Все это продолжалось бесконечно. И веселая наша затея предстала мне в совершенно другом свете – не веселом. На какое-то время я почувствовал ненависть и к нему, и к ней. Это была острая, брезгливая ненависть, не имеющая ничего общего с моими настоящими чувствами и к нему, и к ней.
Наверное, уже под утро я все-таки заснул. Но очень скоро проснулся, потому что продрог. Луна уже не улыбалась, она скатилась с синего неба, пожелтела и маячила над горизонтом, как невыключенный фонарь. Звездная мелочь исчезла, а самые яркие звезды смотрелись забытыми игрушками на выброшенной елке.
Харьковский храпел. Галя была повернута к нему лицом, ко мне задом. Совершенно голым и мокрым задом. Не знаю, каким образом я это учуял. Но не руками. Руками я это проверил позже, когда в голове застучали молотки, а в штанах сделалось жарко и тесно.
Мне показалось, что она не спала. Слишком тихо она лежала. И слишком услужливой была ее поза. Я повернулся к ней, прижался. Она оставалась мертвой. И я уже решился!.. Но тут холодной волной накатила здравая мысль. А вдруг она действительно спит? И я почувствовал себя почему-то хуже, чем вором.
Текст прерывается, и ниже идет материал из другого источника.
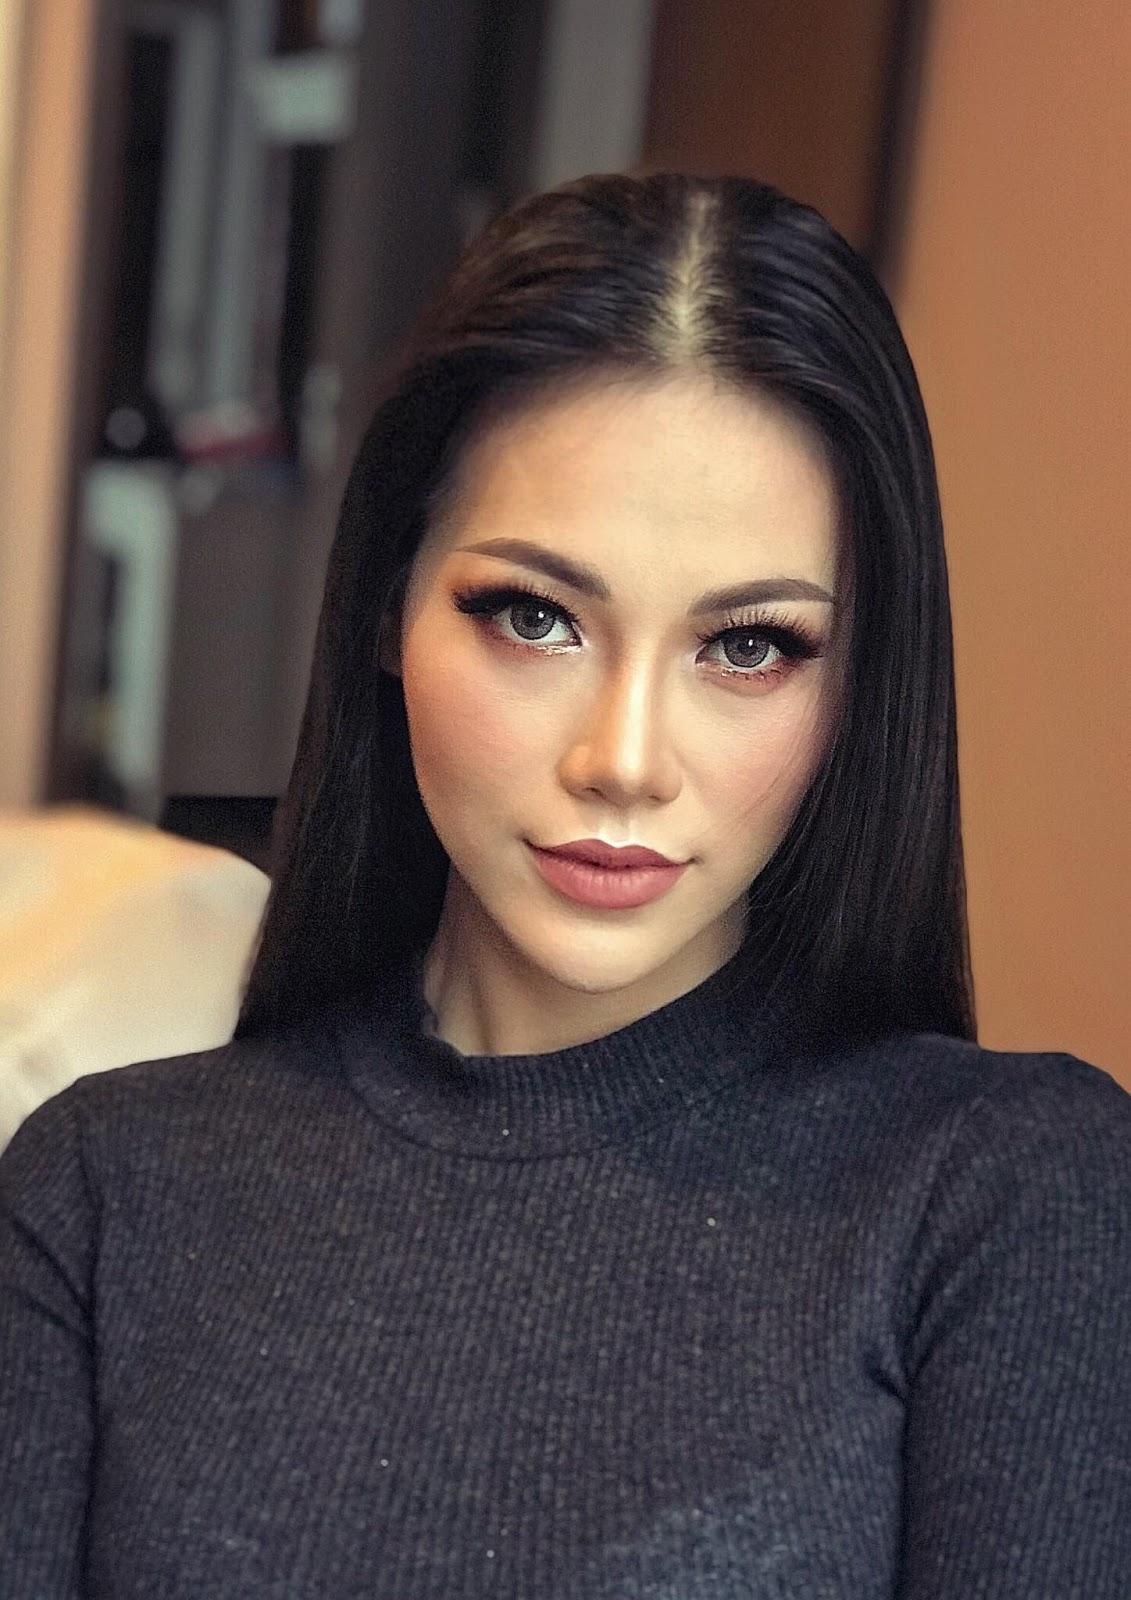 Anh trai lên tiếng giải oan cho Hoa hậu Phương Khánh khi bị chê mỗi ngày một gương mặt - Hình 13

Я стянул на себя пальто и очень долго лежал, глядя в светлеющее на глазах небо. И сотню раз проделал в своем воображении то, что не рискнул на деле.
Утро было с полосками тумана и с пением птиц. Прекрасное утро. Но не было бодрости в теле, и была тупость в голове. Настроение куда-то ушло, вслед за луной.
Постель свою мы спрятали в кустах и отправились на остановку, чтобы посадить Галю в автобус. А сами решили задержаться у меня и настроиться на алгебру.